Derin Uzay (Deep Space)
Uzaydaki tüyler ürpertici boşluğu ifade eden derin uzay, uzayın evden uzak yerleri için de kullanılır. Dile kazandırılışı Edward Elmer Smith‘in Amazing Stories dergisinde yayınlanan 1934 tarihli Triplanetary romanıyla olmuştur. Smith, uzayın ürperticiliğini tanımlarken deep sea (derin deniz) benzetmesinden faydalanmıştır.
İyon Sürücüsü (Ion Drive)
İstikametin tersi yönüne yüklü parçacıklar fırlatarak uzay aracına ivme kazandıran motor türüdür. Genetik mühendisliğinin de isim babası olan Jack Williamson‘ın 1947 tarihli kısa romanı The Equalizer‘da karşımıza çıkar. Teori 1906 yılında ortaya atılmış olsa da kavramı bilimkurguya borçluyuz. İyon sürücüleri 1970’lerde uygulamaya geçirilmiş ve pek çok uzay aracında kullanılmıştır.

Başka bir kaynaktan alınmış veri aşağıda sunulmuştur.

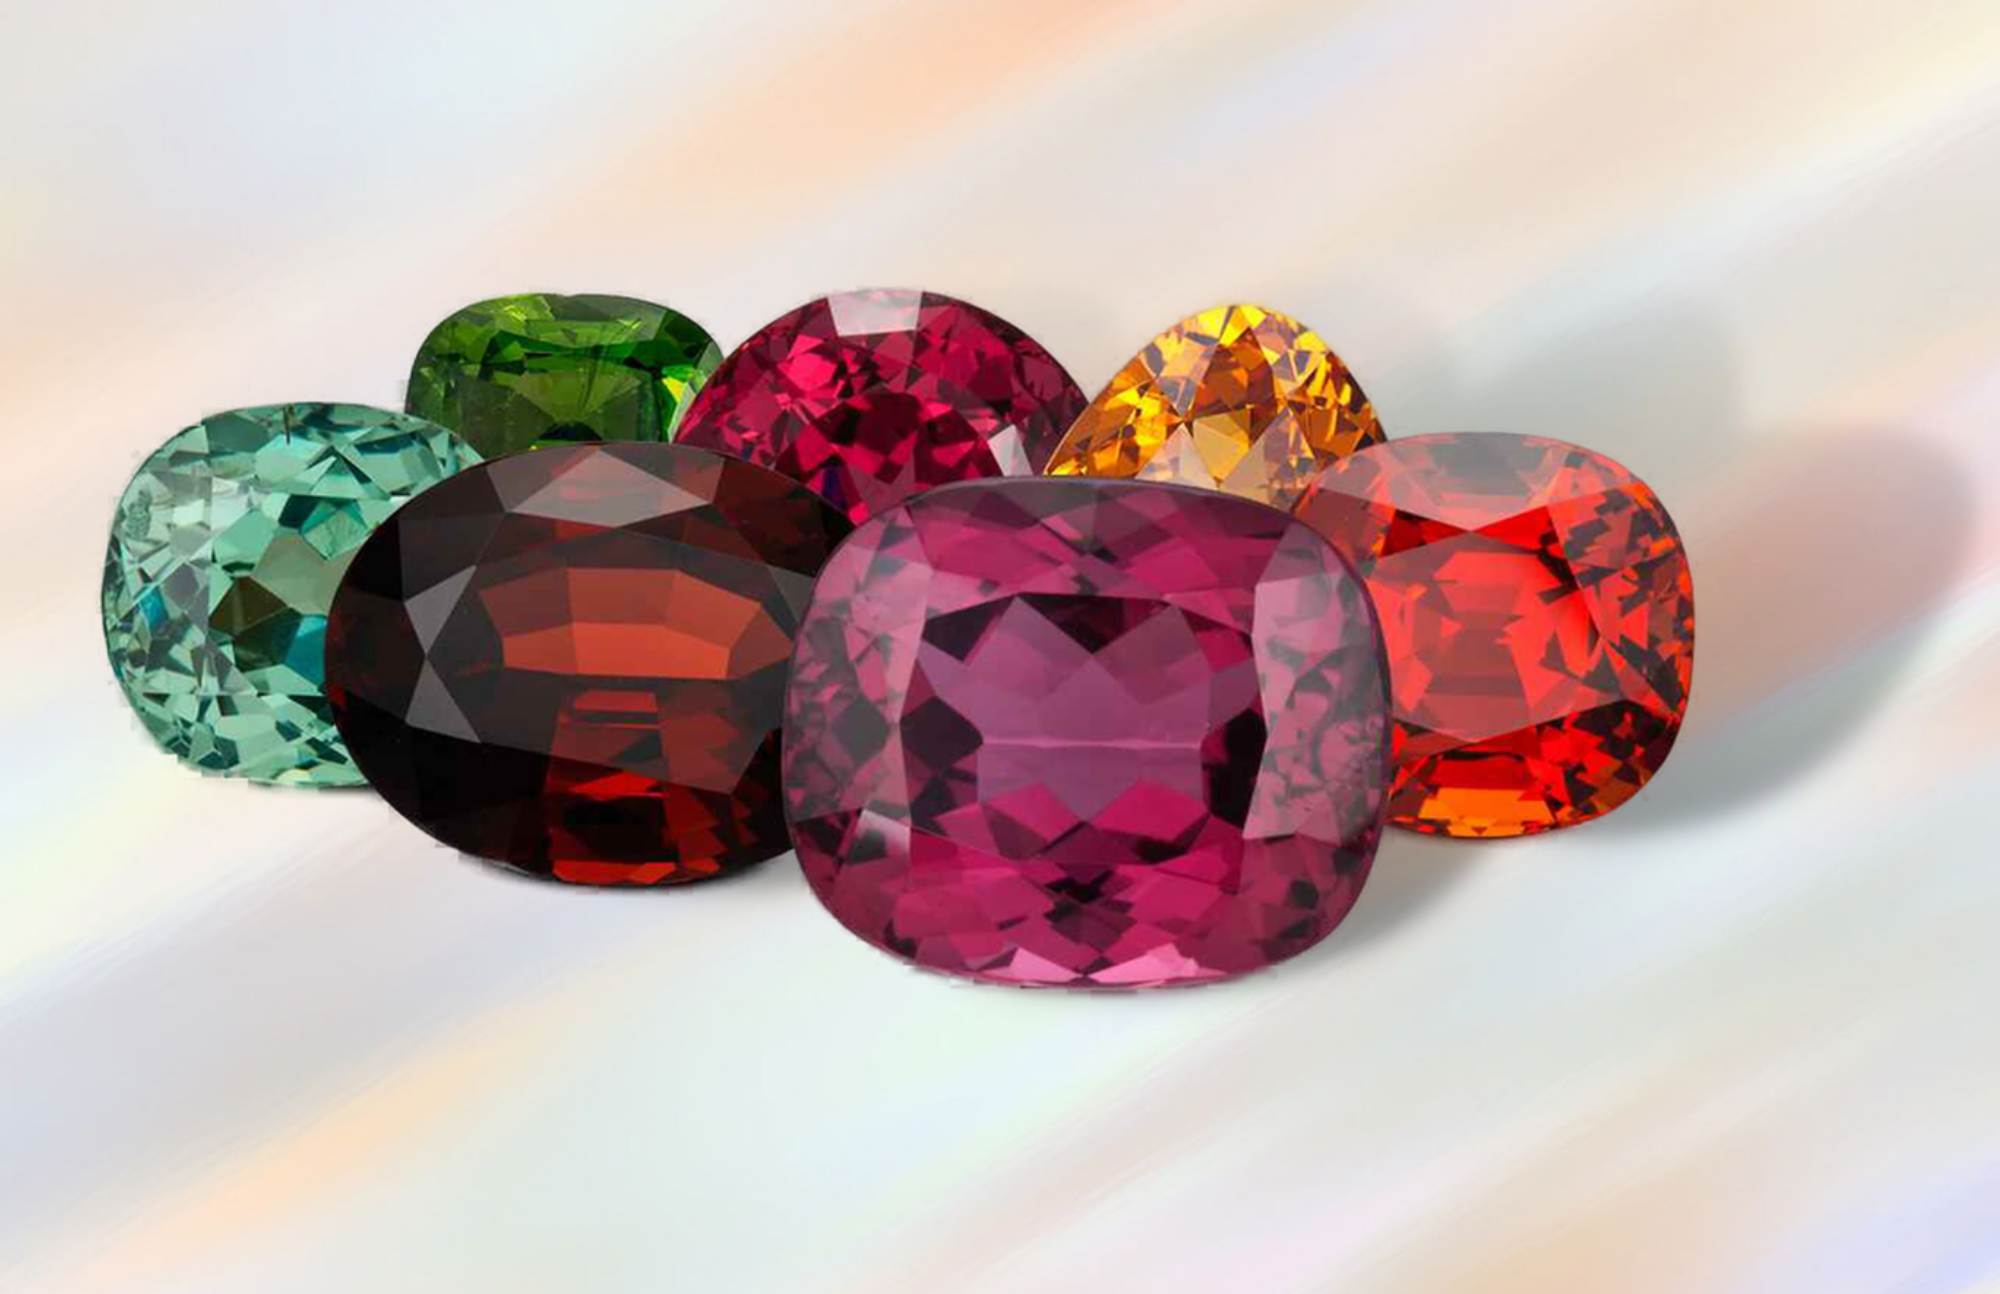 Different colors and shapes of garnet

Basınç Giysisi (Pressure Suit)
Kullanıcısına sabit basınç ortamı sağlayan kapalı tulumu, genellikle uzay boşluğunda veya farklı yerçekimi koşullarında bulunan gelişmiş canlıların kullandığını görürüz. Derin uzay gibi bu kavramı da dile kazandıran Edward Elmer Smith‘in üretken zihni olmuştur. İsim türetme konusunda oldukça başarılı olsa da, Smith’in hayal gücünün gerçekçilikten biraz uzak olduğu söylenebilir; zira The Skylark of Space‘te (1928) hayal ettiği basınç giysileri kürkten yapılmaydı.
Virüs (Virus)
Kendini kopyalayabilen bilgisayar programlarını biyolojik virüslere benzeten isim Dave Gerrold‘dur. 1972 tarihli When HARLIE Was One‘da yapay zeka HARLIE, psikolog kontrolünde çocukluktan yetişkinliğe geçerken bir yandan da kapatılma tehdidine karşı koymaktadır. Bu sırada başka bir bilgisayara bulaşan program, virüs olarak adlandırılmıştır.
Solucan (Worm)
John Brunner‘ın 1975 tarihli The Shockwave Rider adlı romanında distopik bir gelecekten kaçmaya çalışan hacker, ağ üzerinde kendini tıpkı bir solucan gibi yayabilen zararlı bir yazılım kullanır. Bu terimin dilimize pek yerleşmemiş olması, zararlı yazılımları virüs adıyla genelleme alışkanlığımızdandır.
Gaz Devi (Gas Giant)
Büyük oranda gazdan oluşan Jüpiter ve Satürn gibi büyük gezegenler, James Blish‘in Solar Plexus adlı öyküsünde gaz devi adını almıştır. Öykü önce 1941’de yayınlandıysa da, bu ilk versiyonunda gaz devi terimi geçmiyordu; 11 yıl sonra Beyond Human Ken antolojisine alınırken eklenecekti.